To sum up, in this simulation, our method is the filtering method with highest performance than the other methods. It has a stable performance, and the increase in performance of our method does not imply a much higher computational burden compared to other iterative methods.
7. Conclusions
In this paper, we have derived a novel filtering method by utilizing the information geometric approach. The filtering problem has been converted to an optimization on the statistical manifold constructed by the joint PDFs of Bayesian filtering, and the adaptive natural gradient descent method is used to search the optimal estimation. In the filtering procedure, curvature characteristic brought about by the nonlinearity of the observation operator is considered carefully by the Fisher metric tensor.

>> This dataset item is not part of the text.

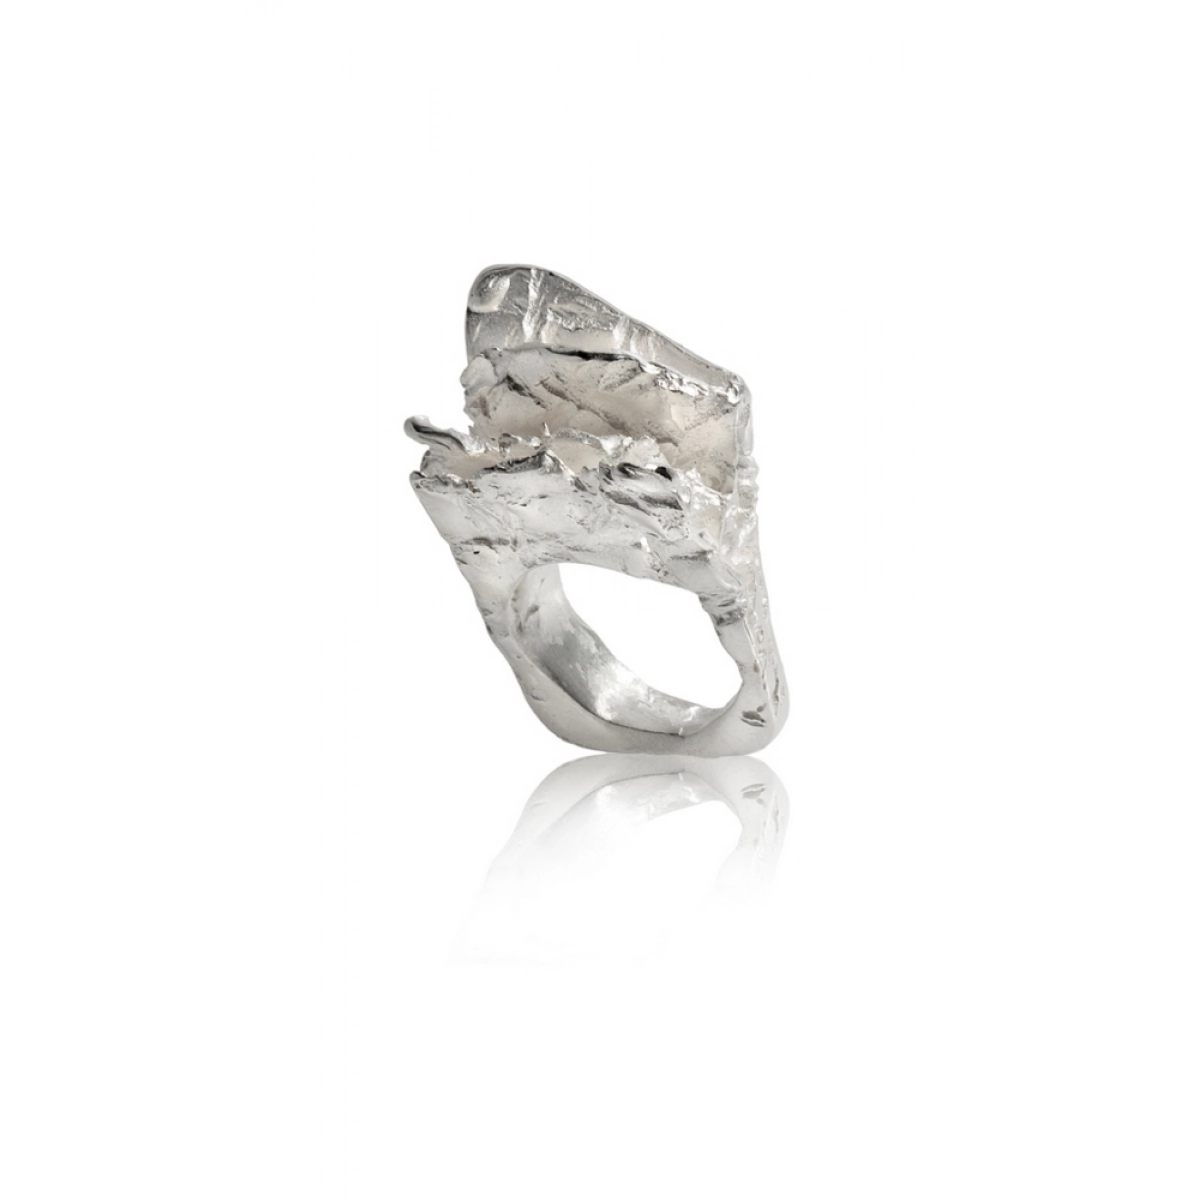 The burlap collection silver ring. Measurement contour ring No. 10 FP A49 - P Fili Plaza FP A49-P

For the Bayesian filtering, the Fisher metric tensor consists of measurement likelihood and prior information of state. For the linear case, the metric is constant, while variable in the nonlinear case. Then, the adaptive natural gradient descent technique is used to derive the iterative filtering, and the KL divergence is employed in the stopping criterion. Furthermore, the conventional Kalman filter, EKF and IEKF are the special formulations of our proposed method under certain conditions. With adaptive step-size and KL divergence stopping criterion, the proposed method has made some improvement over EKF, IEKF and RUF.
For the Bayesian nonlinear filtering, the posterior density may be non-Gaussian. There are two reasons bringing about the non-Gaussian cases. The first reason is that non-Gaussian observation densities make the posterior density non-Gaussian. An optimal filter has been proposed to address this problem [
37]. It can modify the Kalman filter to handle the non-Gaussian observation density. The second reason is that nonlinear measurement makes the Gaussian densities become non-Gaussian. The Monte Carlo method can be used to solve this problem with large computational burden.
In the derivation of our method, we can note that the information geometric optimization for filtering can be extended to some non-Gaussian case, such as the exponential density. When the density has the analytic form, the metric can be computed, and the information geometric optimization can be used to derive the filtering method. Besides, we can use the fact that the non-Gaussian density can be approximated by the sum of some Gaussian densities to convert the non-Gaussian density into the Gaussian density, then the proposed method in this paper can be utilized in each Gaussian density component. In future work, we will continue to combine the information geometric optimization with non-Gaussian filtering, and provide some approaches for addressing the problems of non-Gaussian density in the filtering.